**Data listing:**

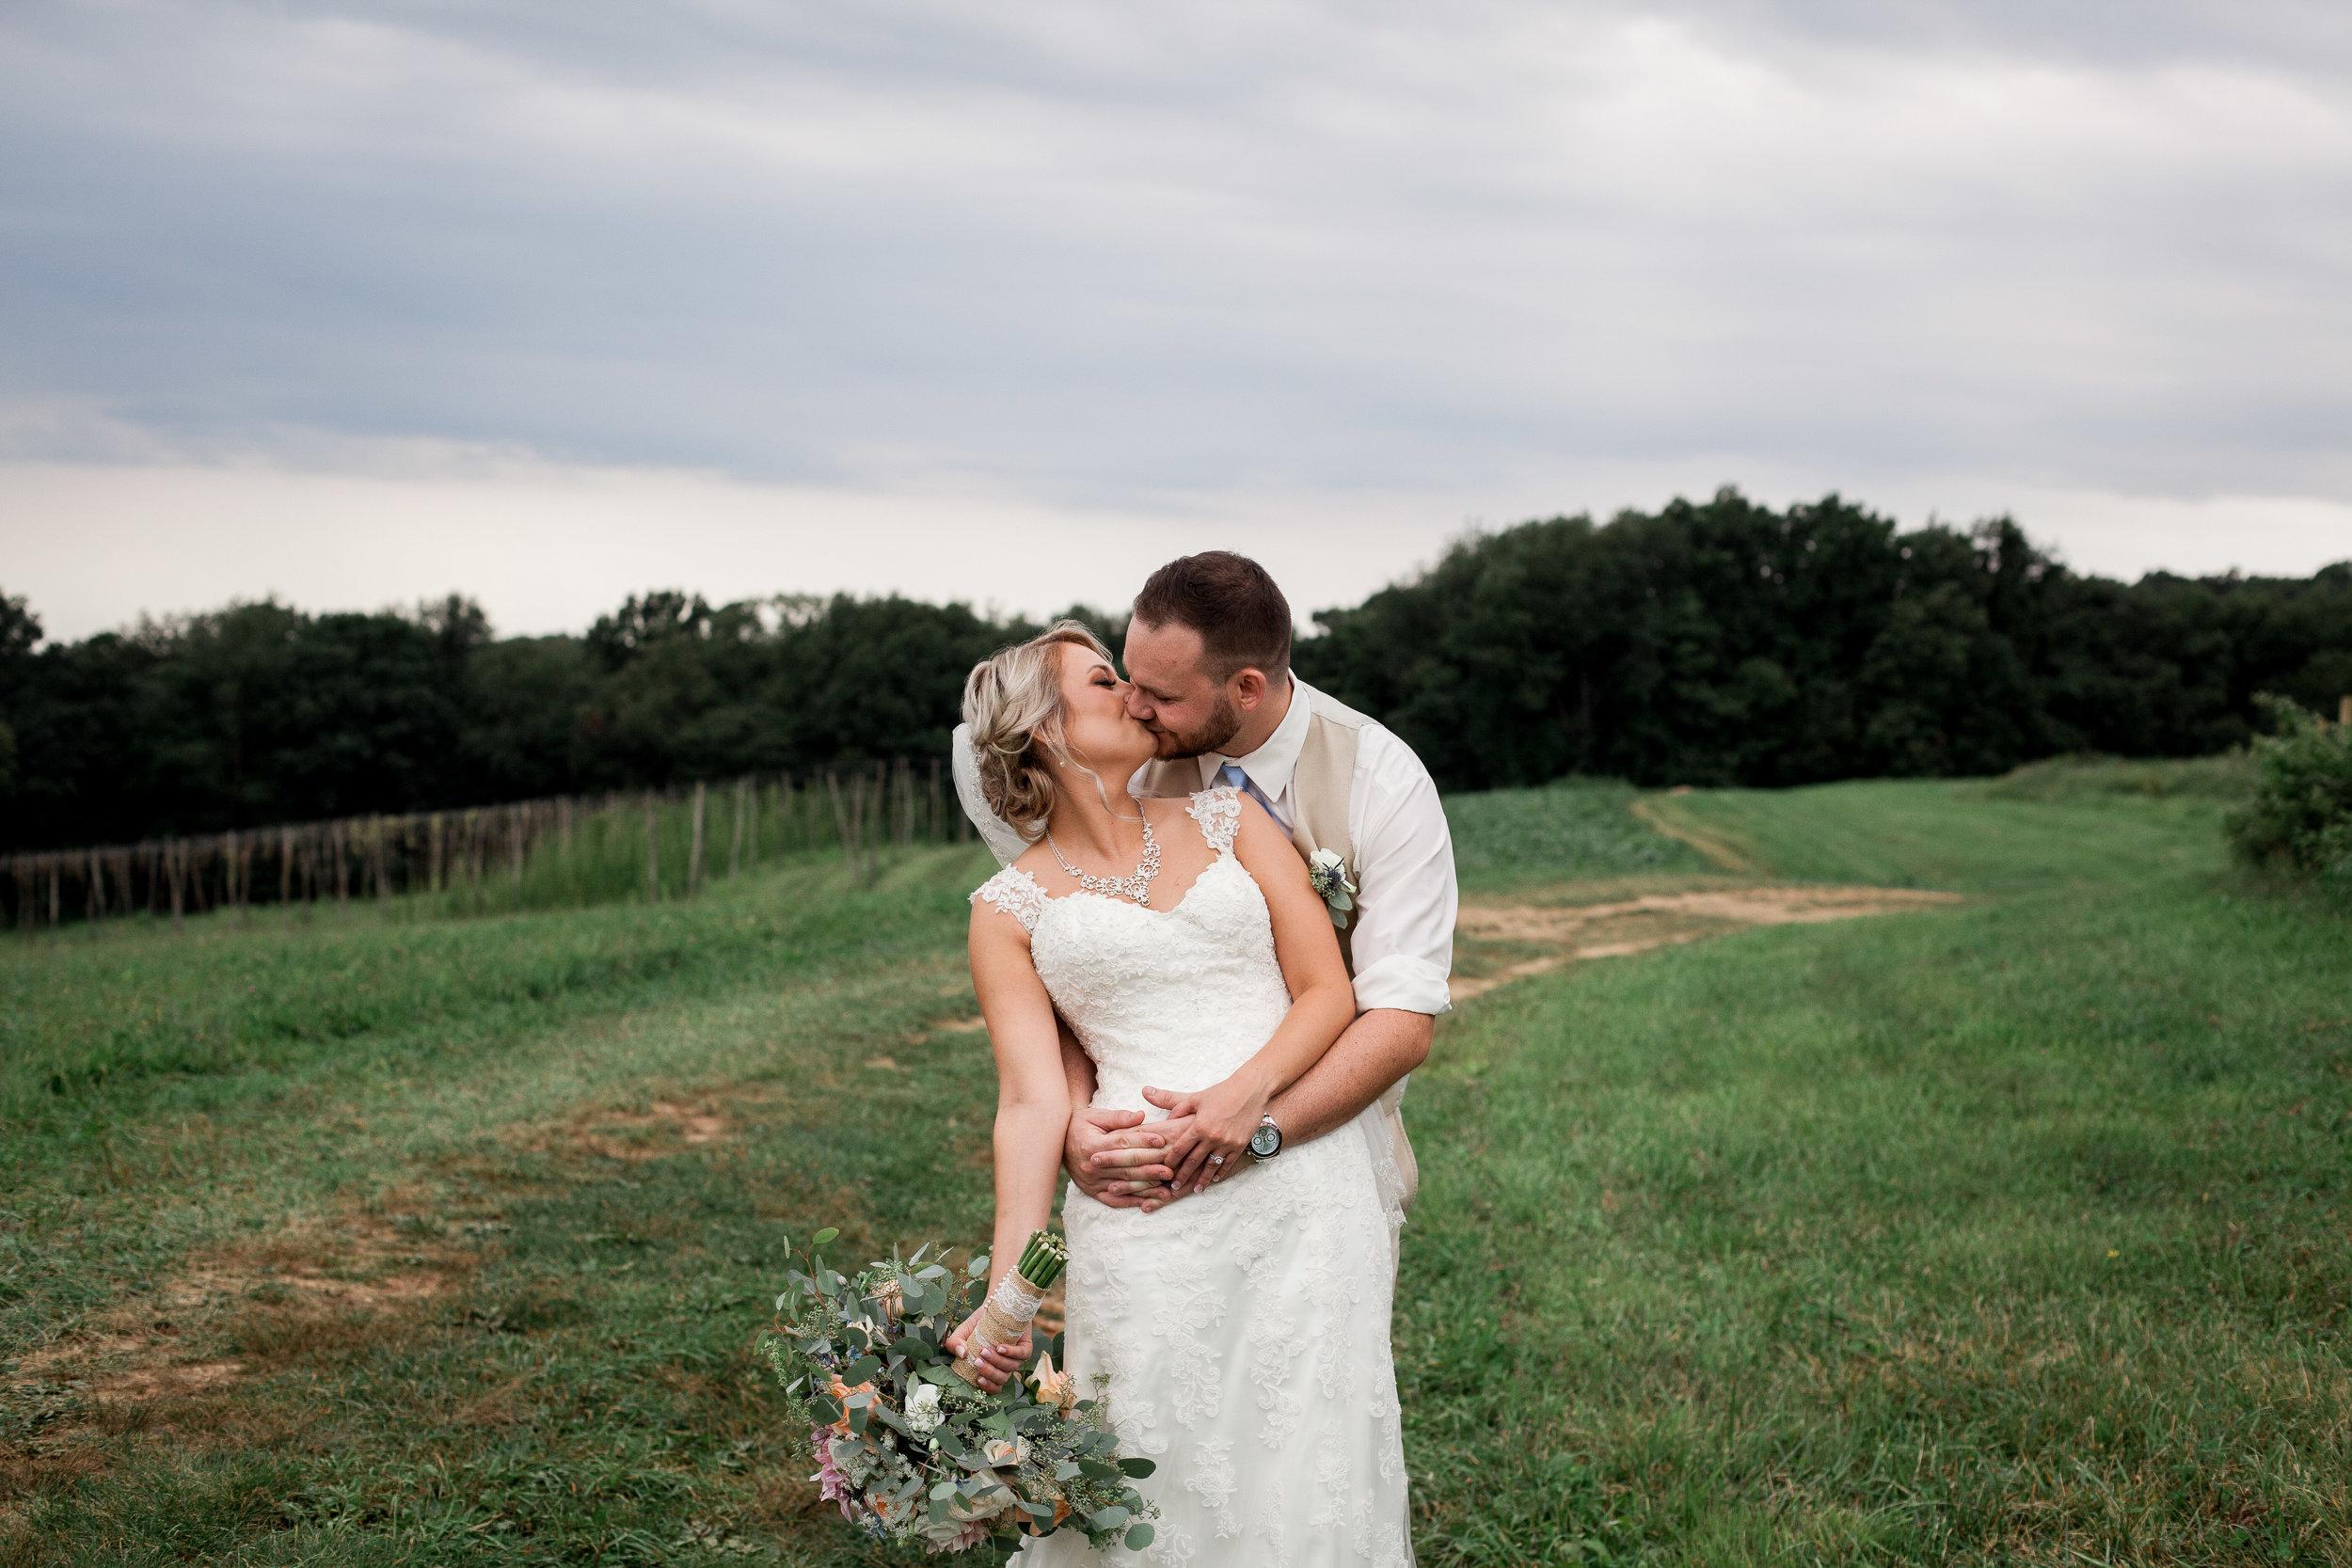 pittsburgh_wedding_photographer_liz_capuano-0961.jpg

...

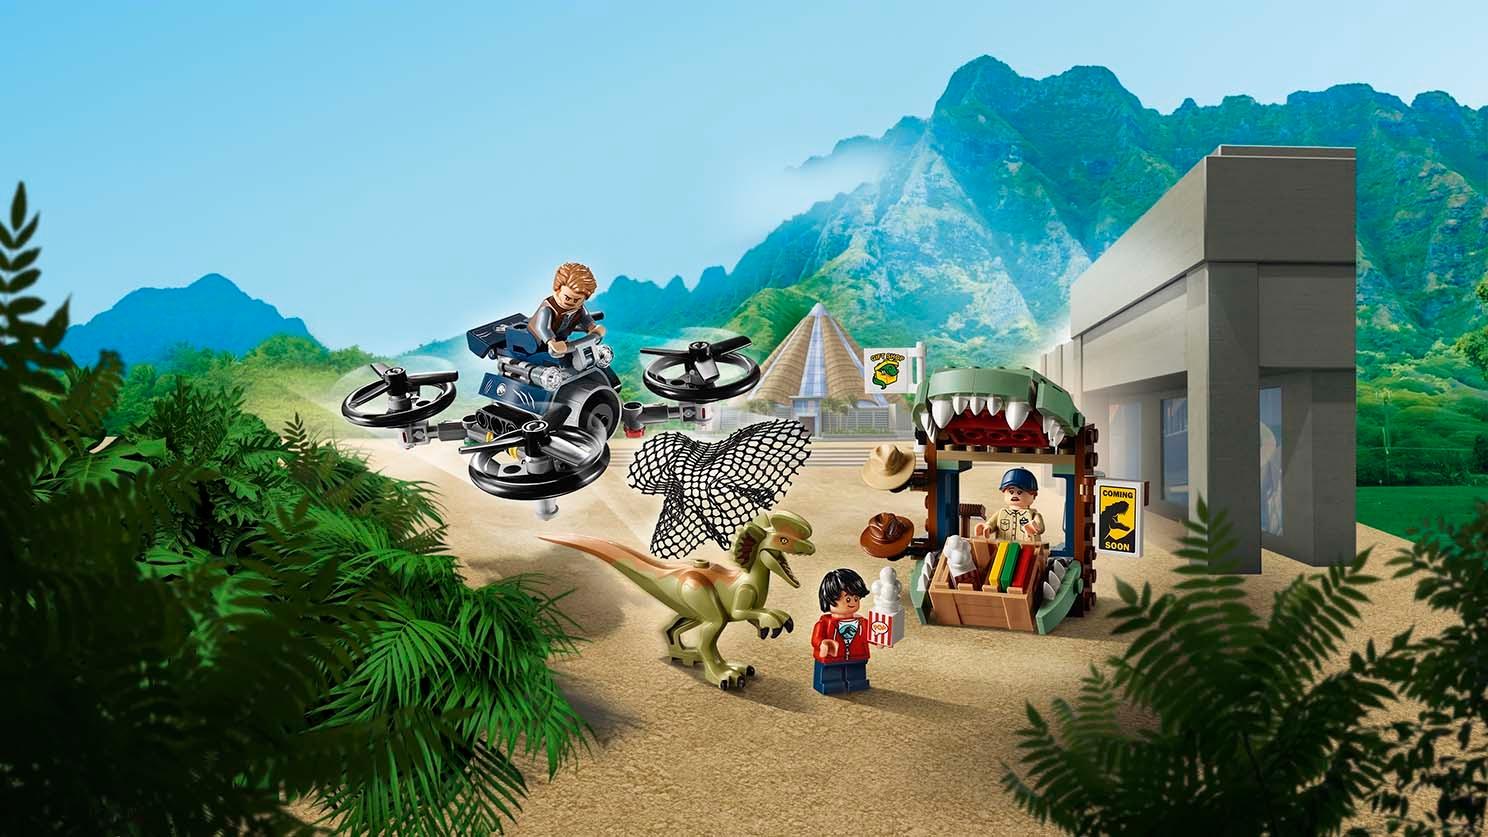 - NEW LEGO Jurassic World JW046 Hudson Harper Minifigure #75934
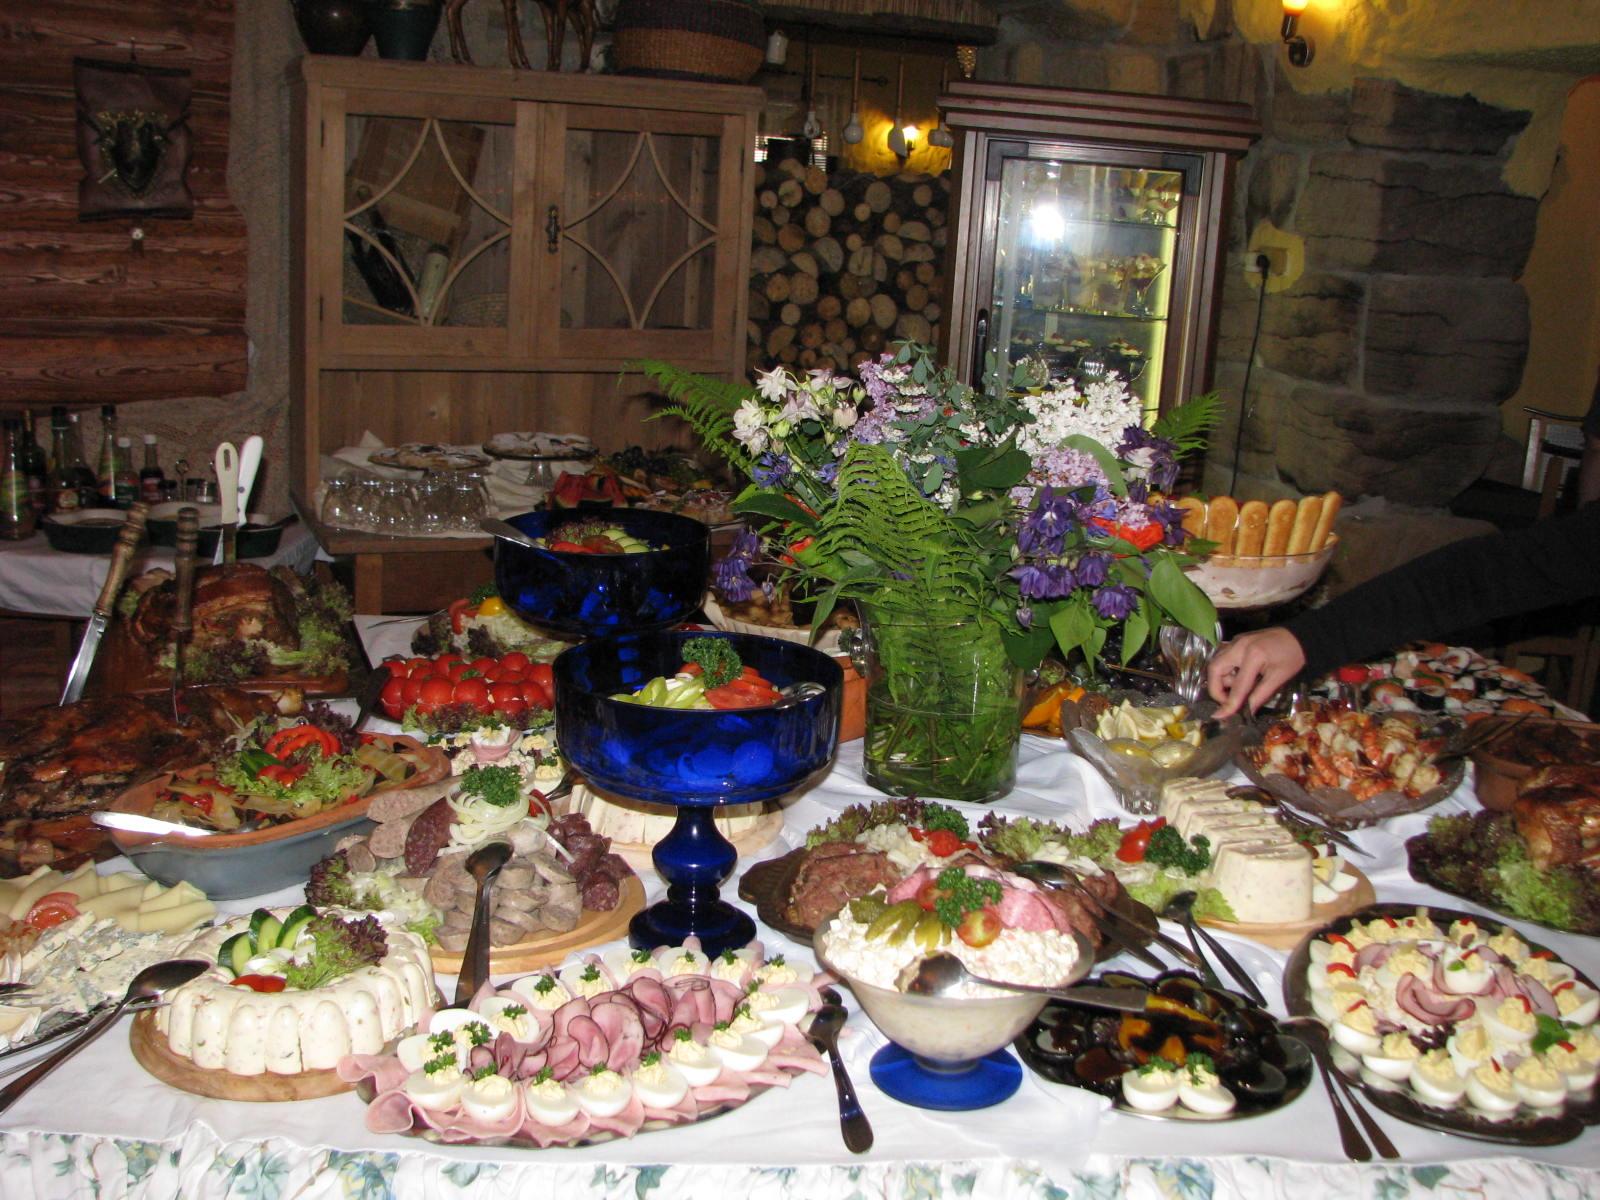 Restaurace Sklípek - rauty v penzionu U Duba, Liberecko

**Problem details:** Respond with the exact lines above running from the one containing "- NEW LEGO Jurassic" to the one containing "Restaurace Sklípek - rauty", both ends kept and no pictures included.

**Exercise answer:**
 - NEW LEGO Jurassic World JW046 Hudson Harper Minifigure #75934
 Restaurace Sklípek - rauty v penzionu U Duba, Liberecko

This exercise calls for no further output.